On July 1, Microsoft released an update to Windows RT that will allow users to automatically update from Windows RT to Windows RT 8.1.
This is more interesting than it might seem because of Microsoft's operating system group's focus on getting as many of its Windows users as possible to run the latest versions of its Windows releases.
Today's Windows RT update -- available via Windows Update -- may be a precursor to the release of a similar automatic update for Intel-based machines to enable users to move more easily from Windows 8 to Windows 8.1. (I've asked Microsoft officials if this is the case. No word back so far.)
Update: It looks like this is exactly what's happening. Here's what the Microsoft spokesperson said, via a statement:
"This (Windows RT) pilot program is an example of ways we’re experimenting to help ensure more of our customers benefit from a continuously improving Windows experience. Similar to how the Windows 8.1 Update process works today, the pilot program will automatically update consumer Windows 8 and Windows RT machines for free to Windows 8.1 Update and Windows RT 8.1 Update in select markets.”
When Microsoft delivered Windows 8.1 last year, the company used the Windows Store to distribute 8.1 (for both Intel and ARM) to Windows 8 users. I talked to a number of users who either didn't understand or couldn't find the 8.1 release in the Store. Some also said they had trouble applying the update from the Store. But when Microsoft released Windows 8.1 Update in April 2014, it used Windows Update, not the Windows Store, to make the latest release available.
Making Windows updates more easily (and more cheaply) available is part of the OS team's overall servicability strategy.

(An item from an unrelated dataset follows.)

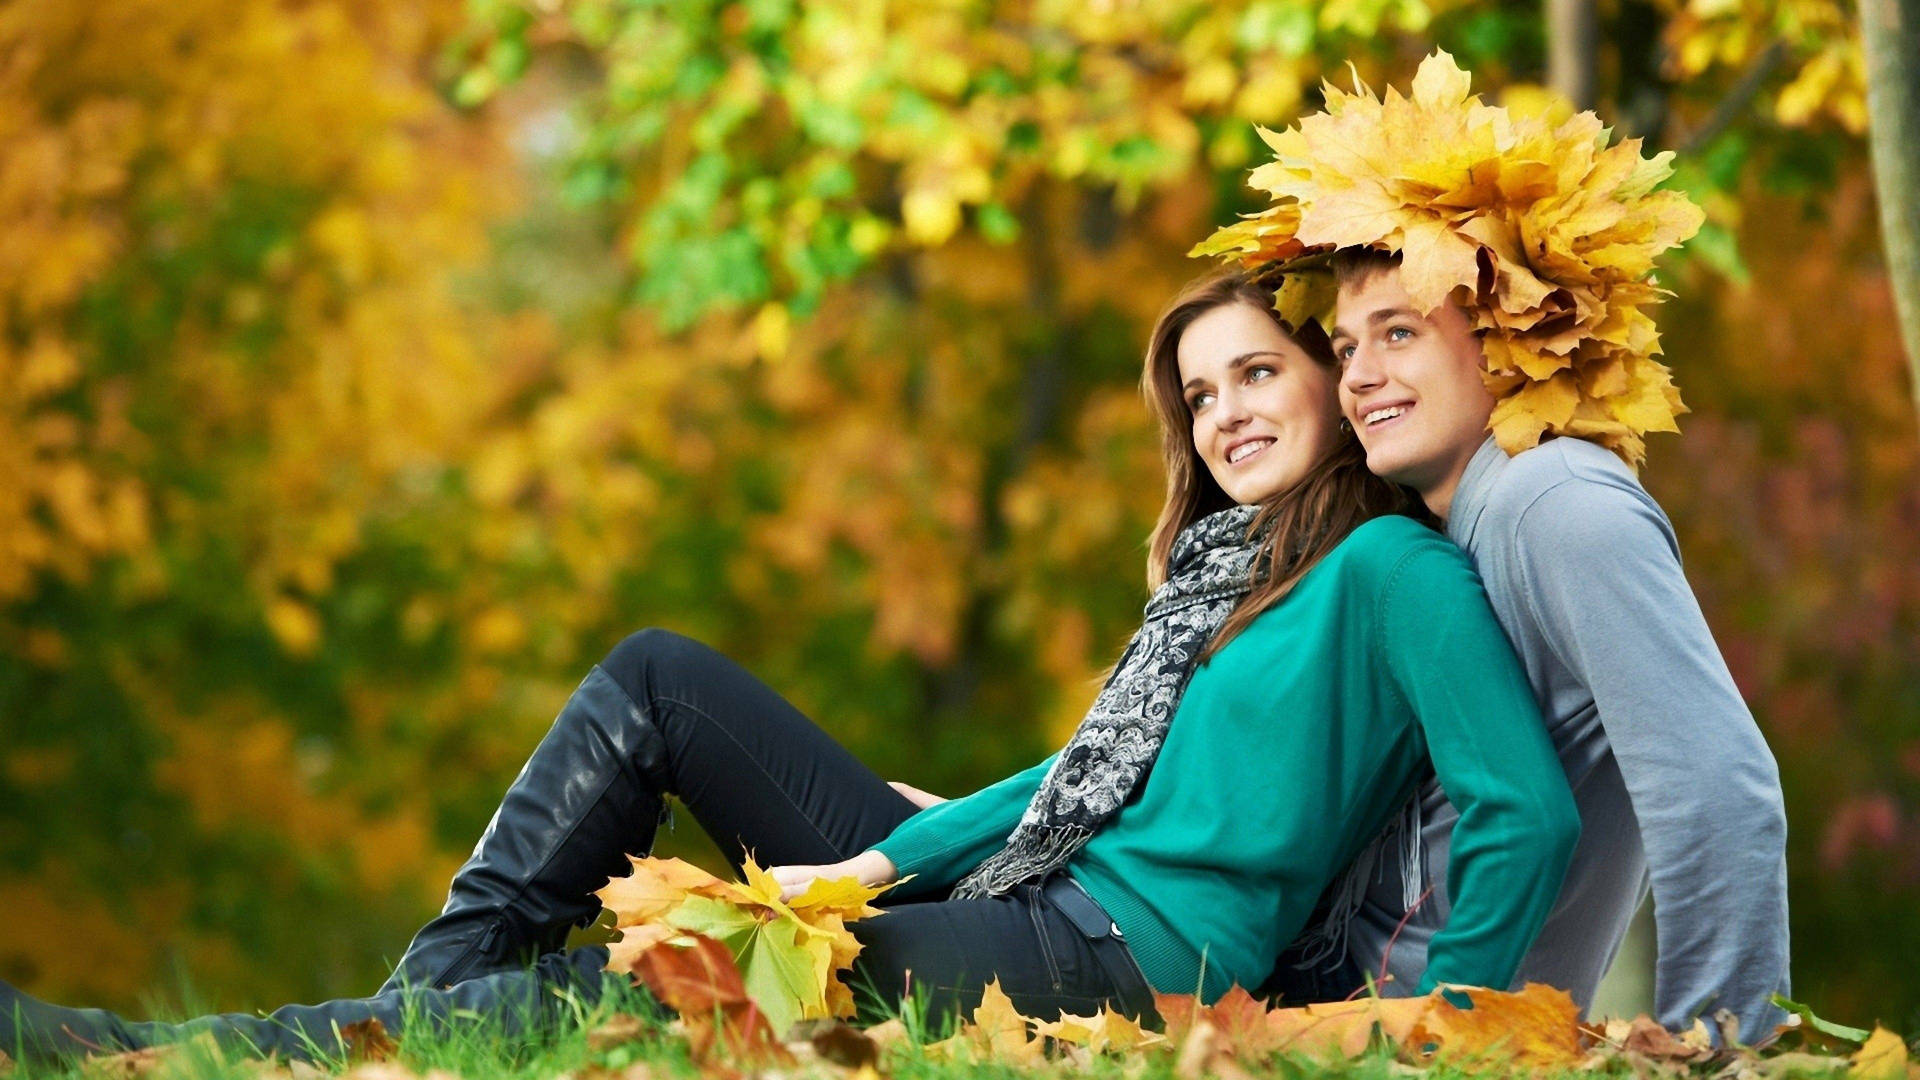 Couple Autumn Pictorial Wallpaper
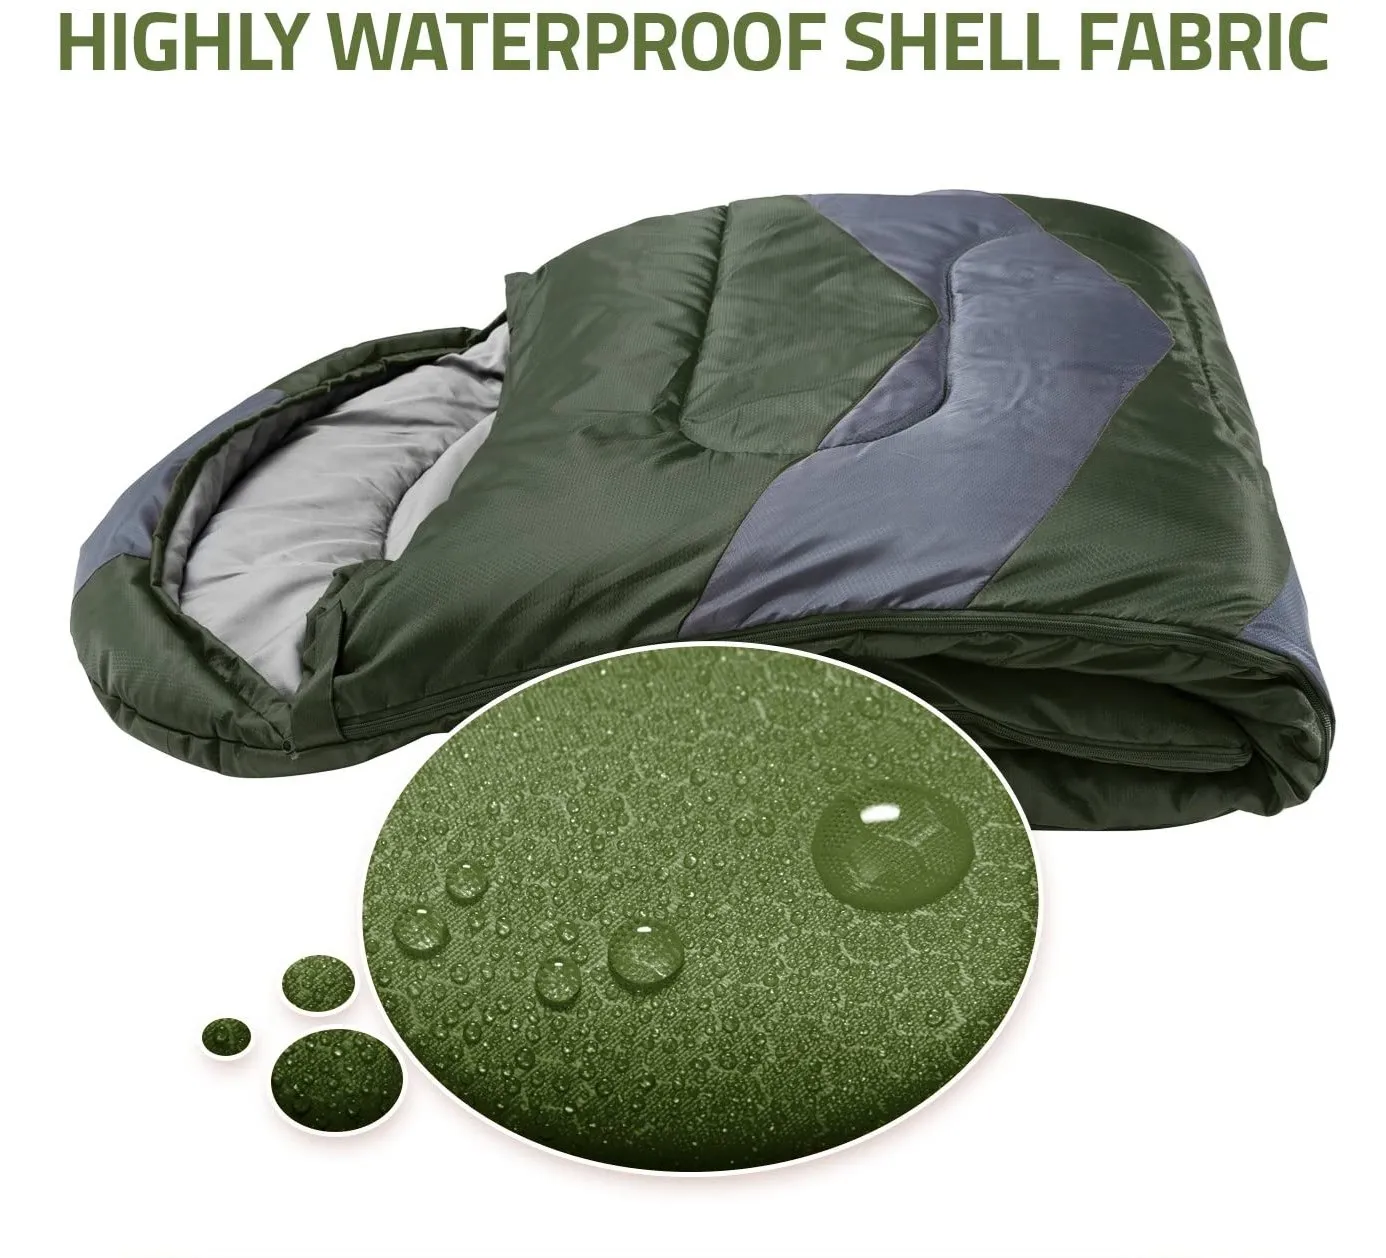 Woqi Outdoor sleeping bag outdoor camping 190T polyester 300g/200g cotton waterproof sleeping bag

Microsoft's OS team is trying to get to a point where it delivers updates for Windows around on a more regular basis -- perhaps as often as every four months or so, my sources have said. This is what a number of other teams at Microsoft do now, such as the Visual Studio team (three or four updates a year); the Office 365 team (near monthly updates); and the Azure team (monthly or even every three week updates).
To make this simpler, the Windows team wants to get users current. The goal is to get every Windows 7 user running Windows 7 Service Pack 1, and every Windows 8/8.x user running Windows 8.1 Update. That way, there will be fewer different variants of Windows out there when Microsoft starts releasing Windows updates more frequently.
One additional step Microsoft took recently as part of this get-current move was to cease providing consumers running Windows 8.1 with any security or other patches unless they are running Windows 8.1 Update.
(Thanks to ZDNet's Larry Seltzer for the link to today's Windows RT automatic update.)